• **Exercise**: Exact copy, pictures excluded: write out every line below.

• **Supplied data**:
--- START ---

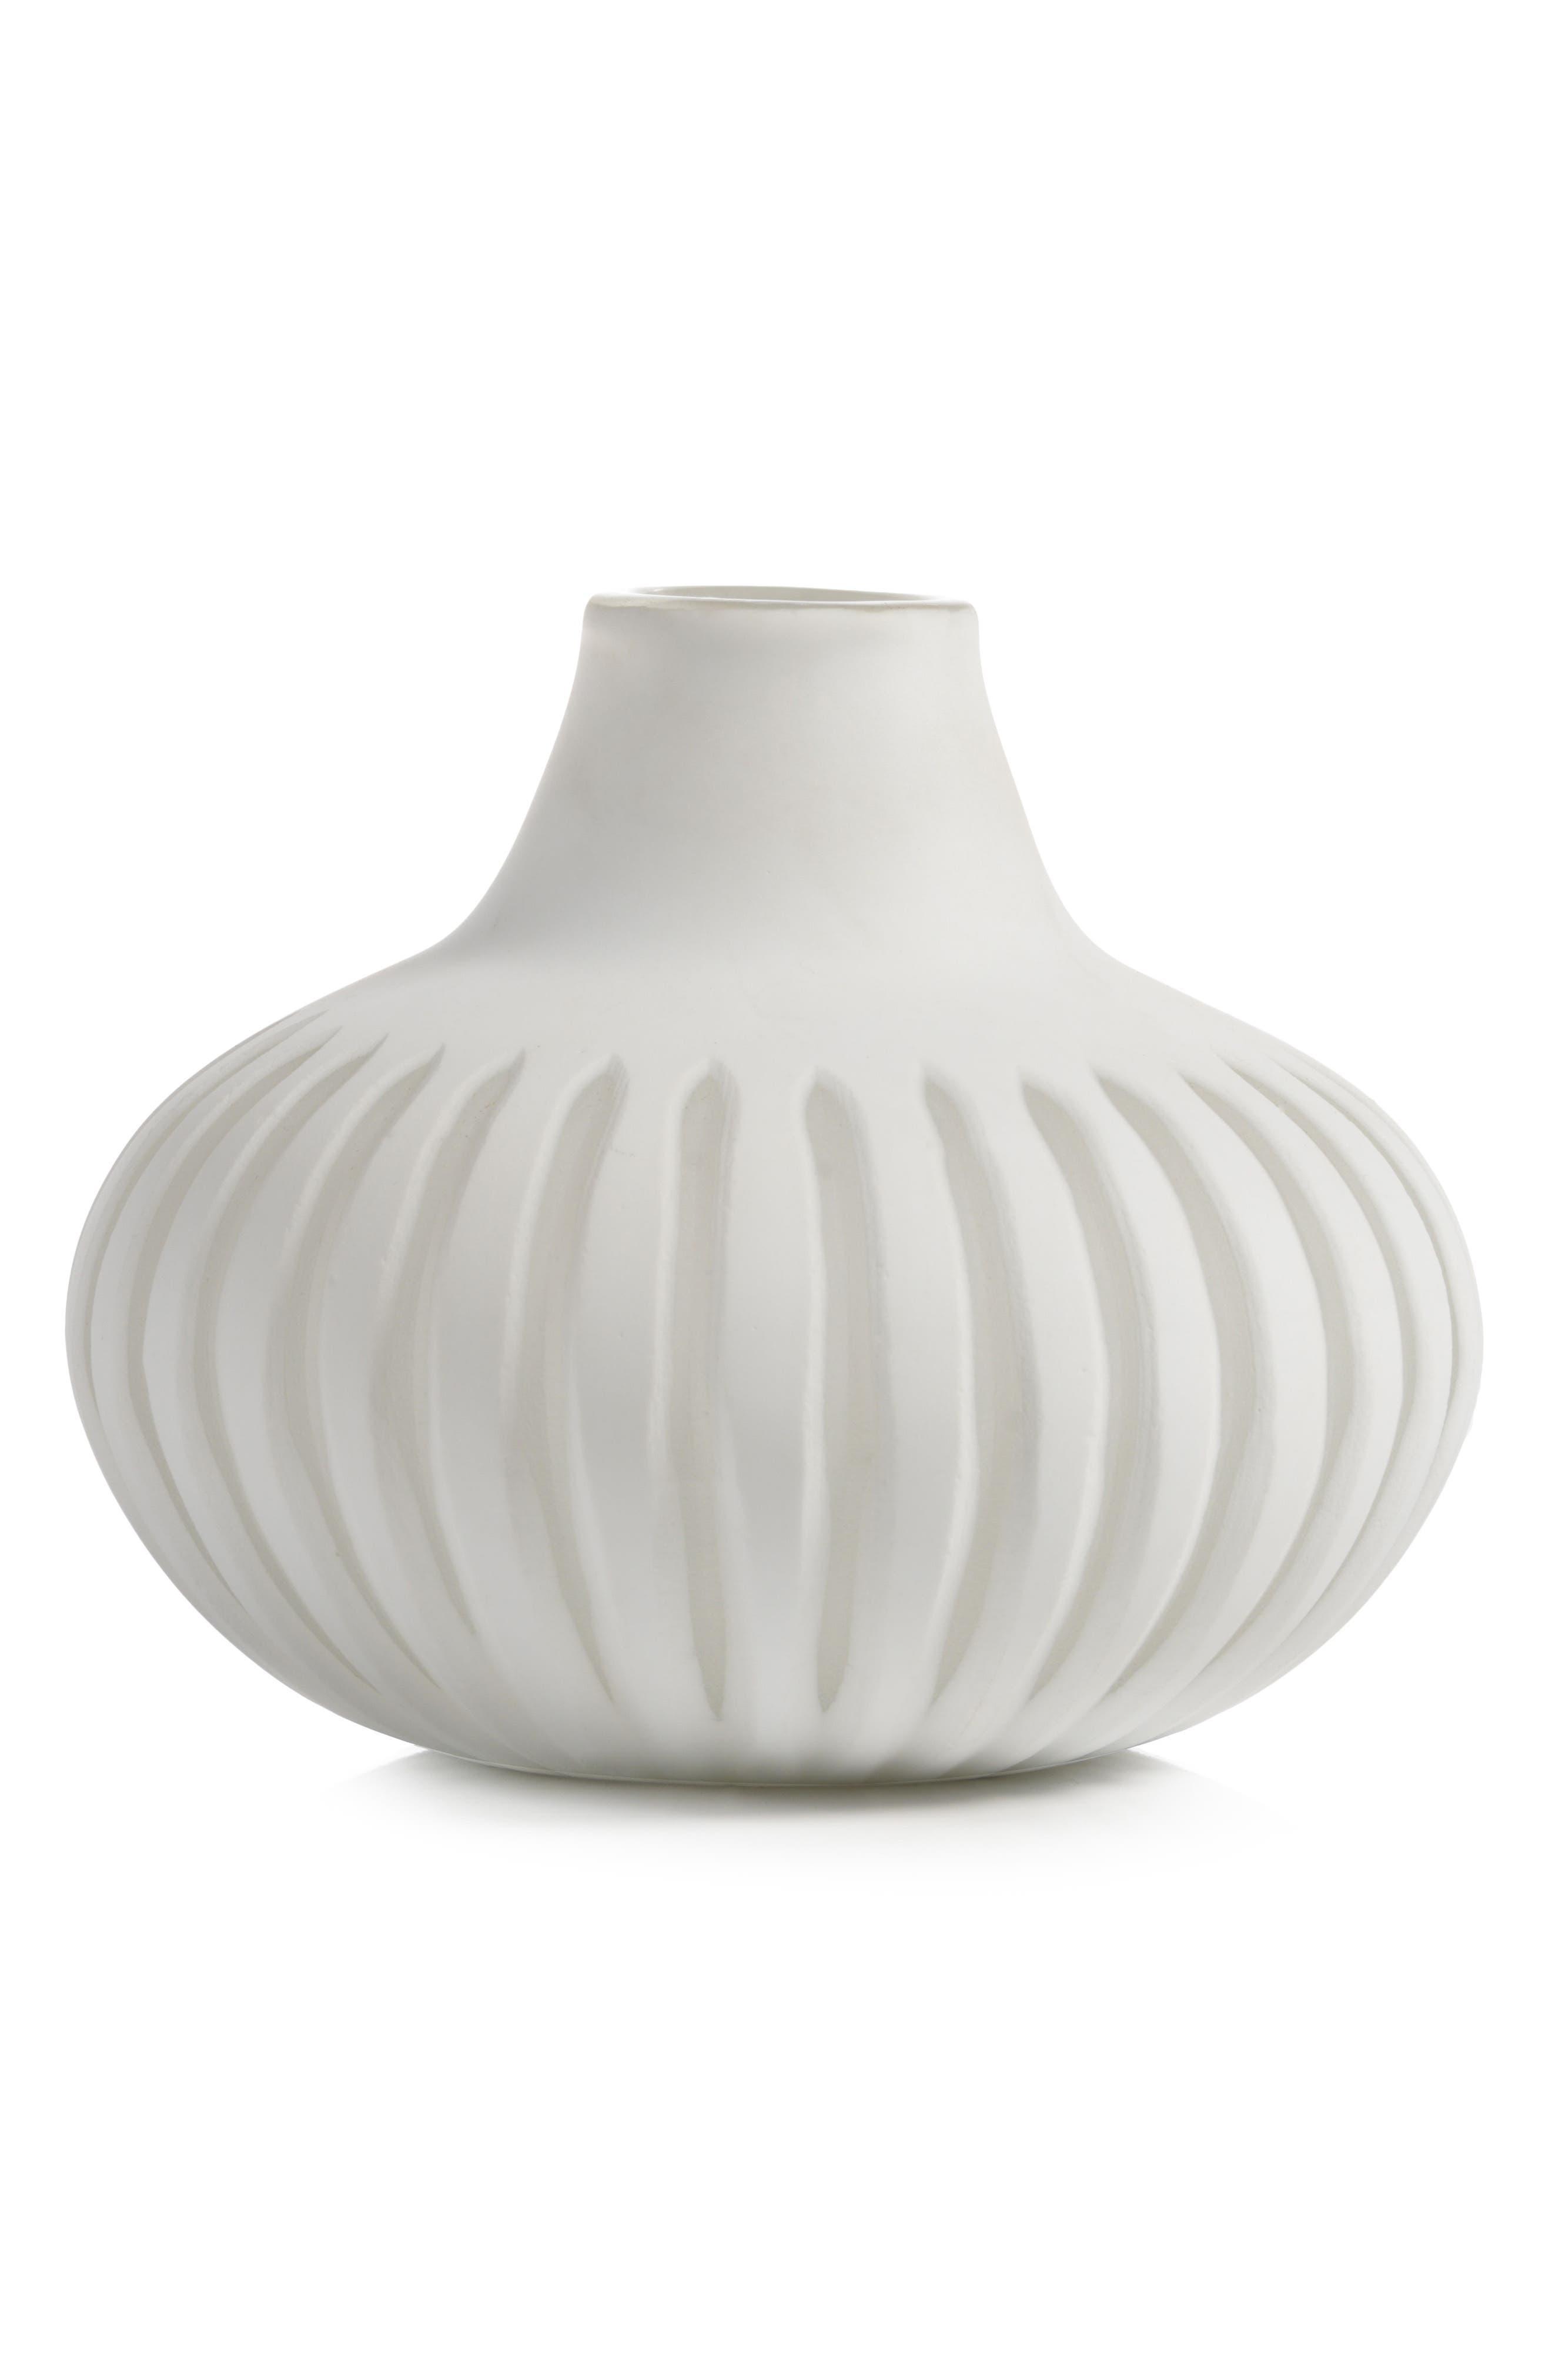 Sakana Glass Vase,                         Main,                         color, White
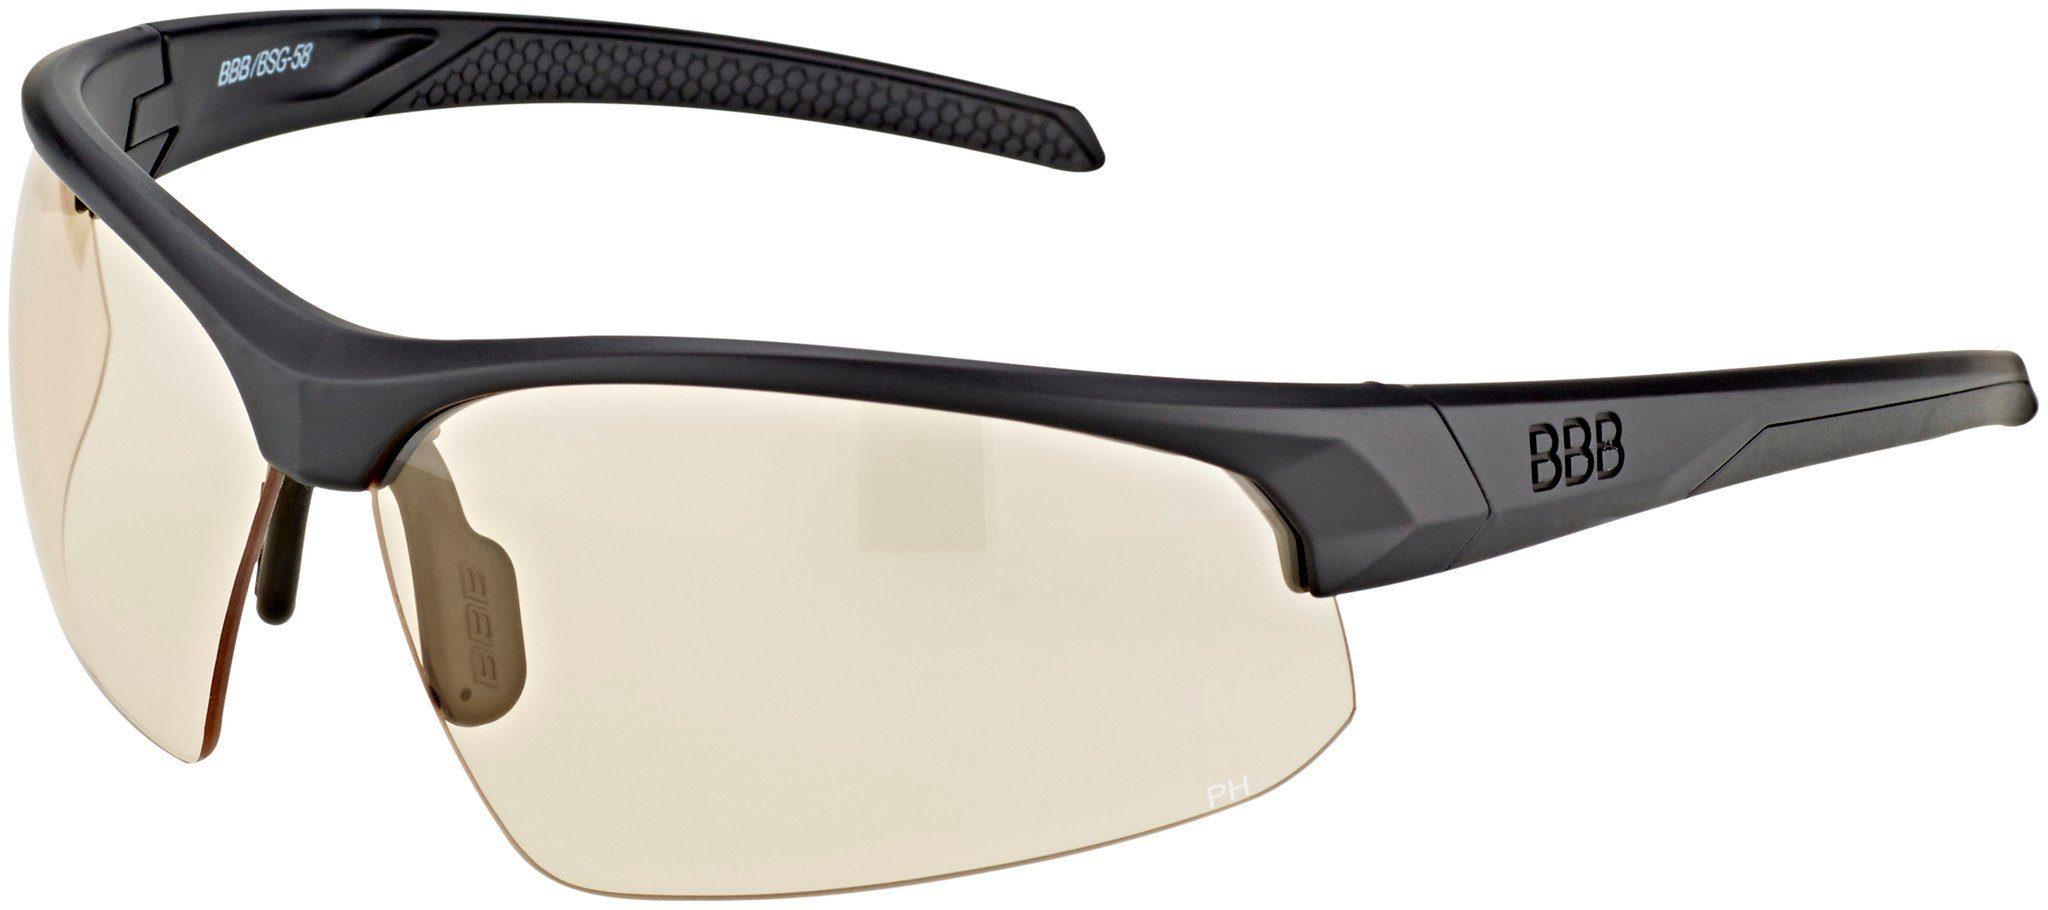 BBB Sportbrille »Impress PH BSG-58PH Sportbrille«
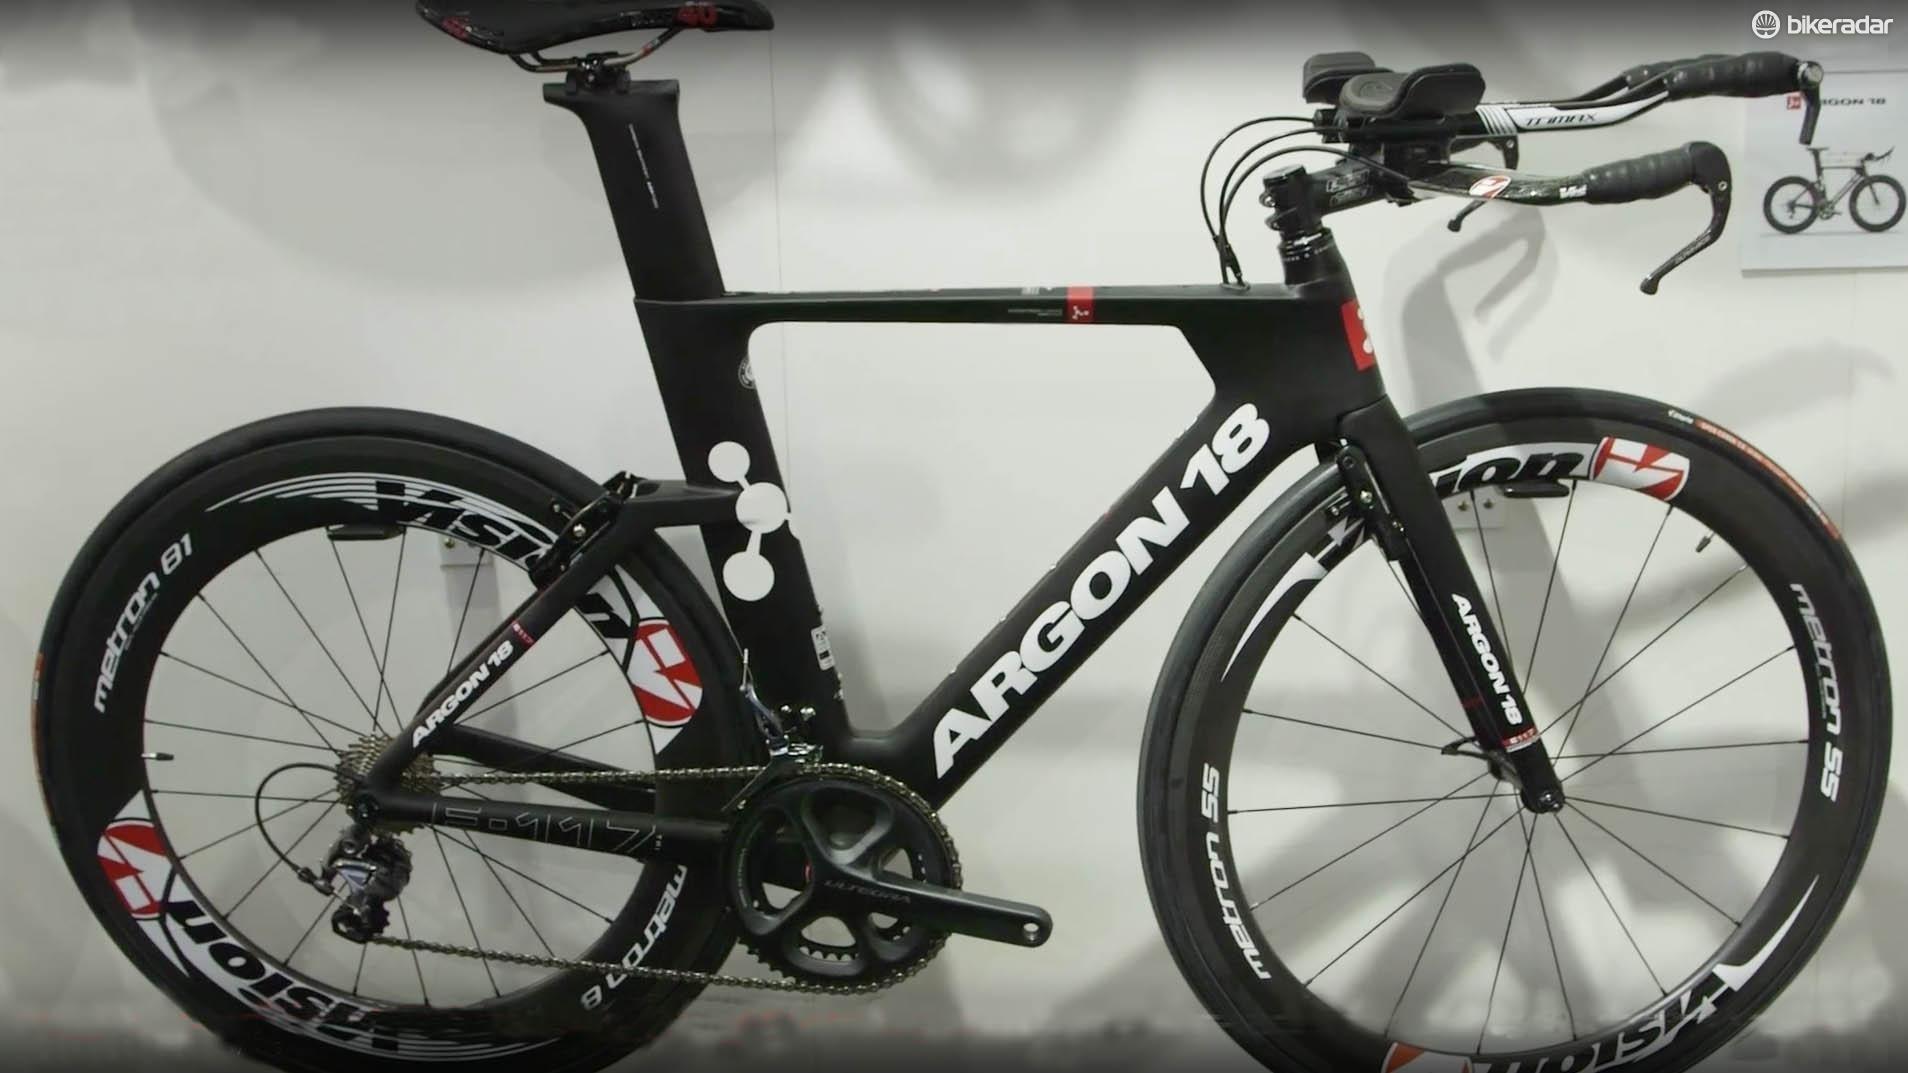 The Argon 18 E119 Tri is the top-of-the-range bike in the brand's new triathlon range

--- END ---

• **Worked solution**:
 Sakana Glass Vase,                         Main,                         color, White
 BBB Sportbrille »Impress PH BSG-58PH Sportbrille«
 The Argon 18 E119 Tri is the top-of-the-range bike in the brand's new triathlon range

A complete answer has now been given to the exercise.